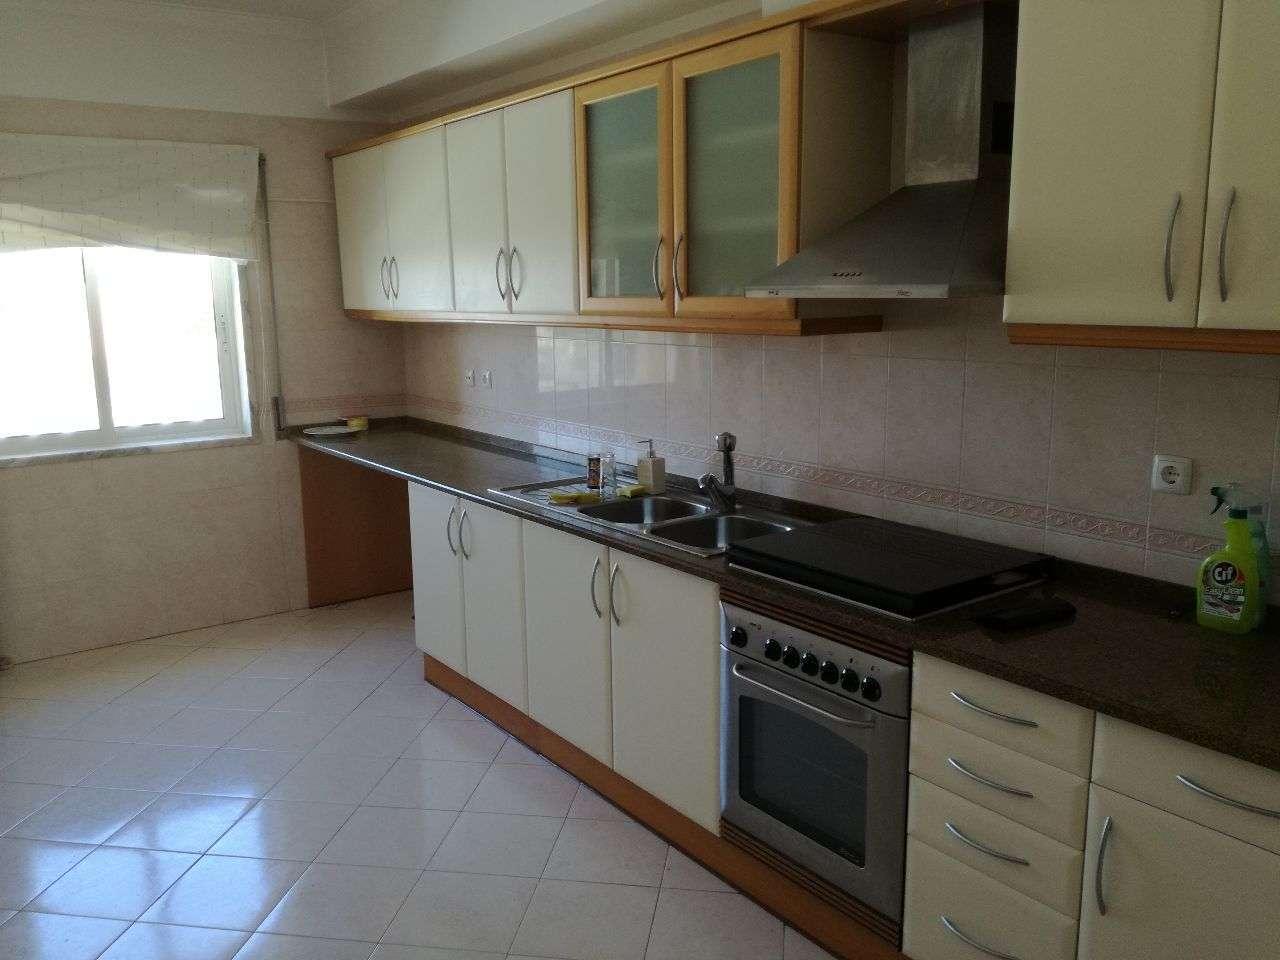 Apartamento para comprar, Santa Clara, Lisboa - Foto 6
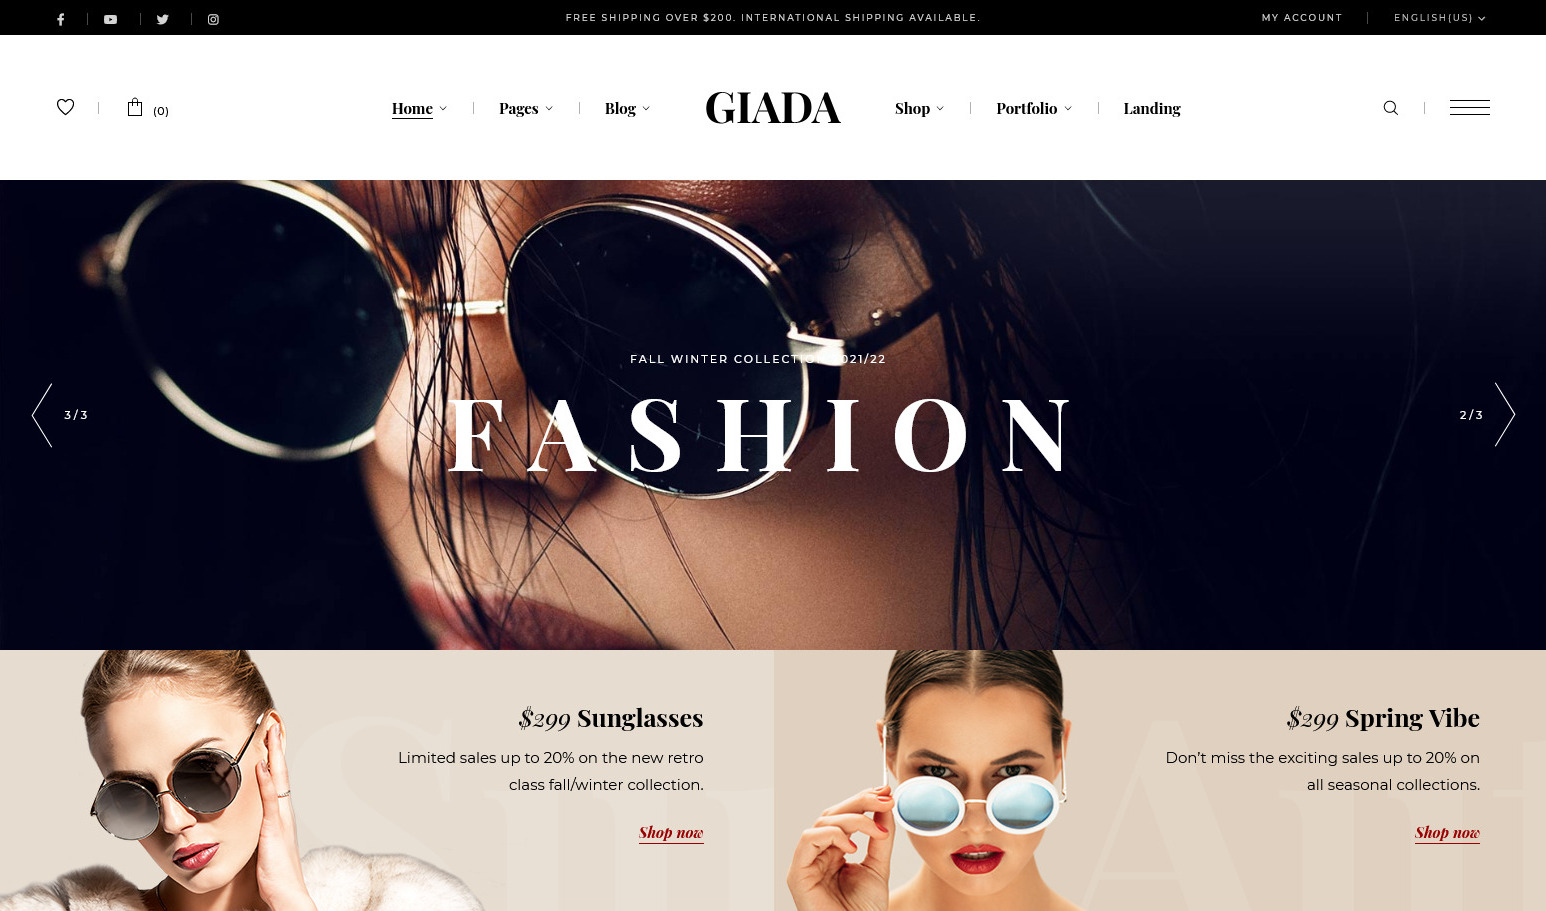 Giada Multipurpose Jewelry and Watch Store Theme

--

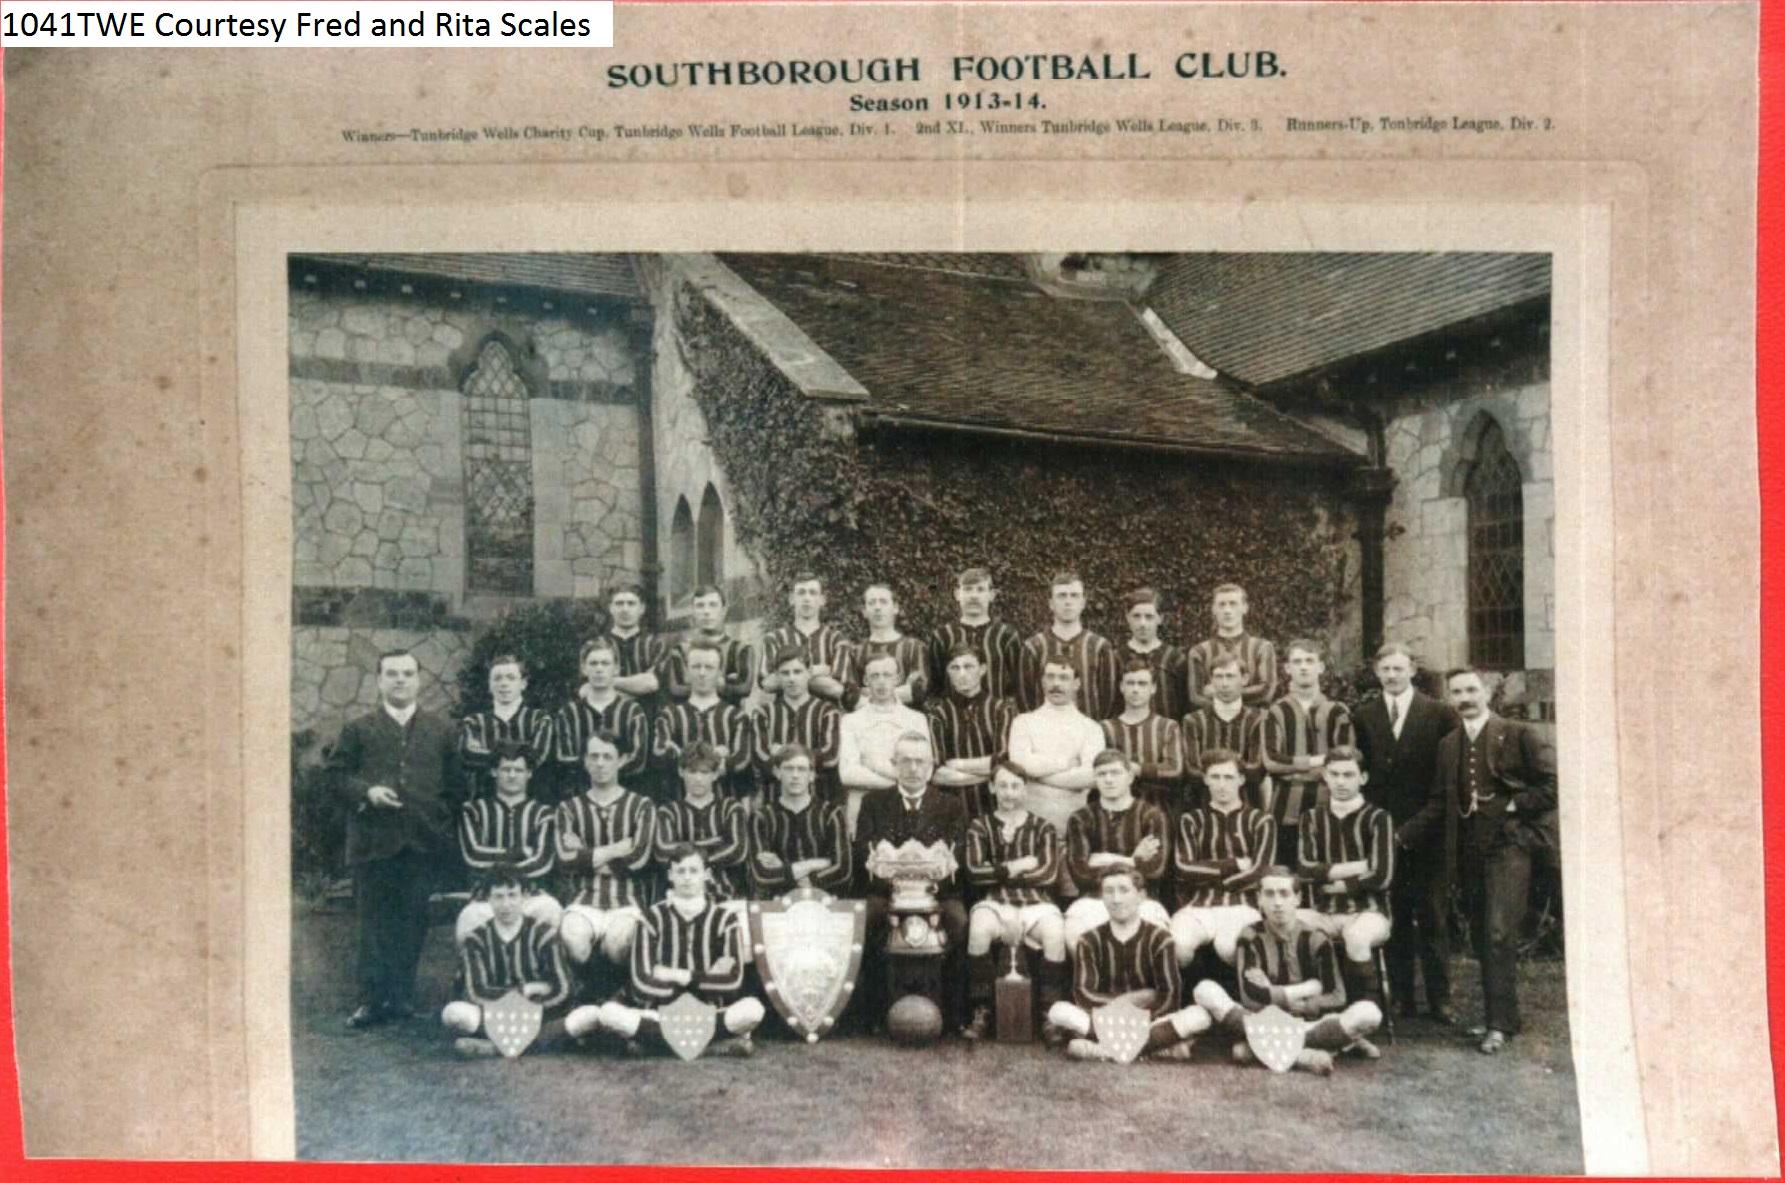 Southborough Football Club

Work to be completed →
Though the entries above contain pictures, none should be copied; reproduce only the lines between the one holding "Apartamento para comprar, Santa" and the one holding "Giada Multipurpose Jewelry", inclusive, exactly as written.

Answer space →
 Apartamento para comprar, Santa Clara, Lisboa - Foto 6
 Giada Multipurpose Jewelry and Watch Store Theme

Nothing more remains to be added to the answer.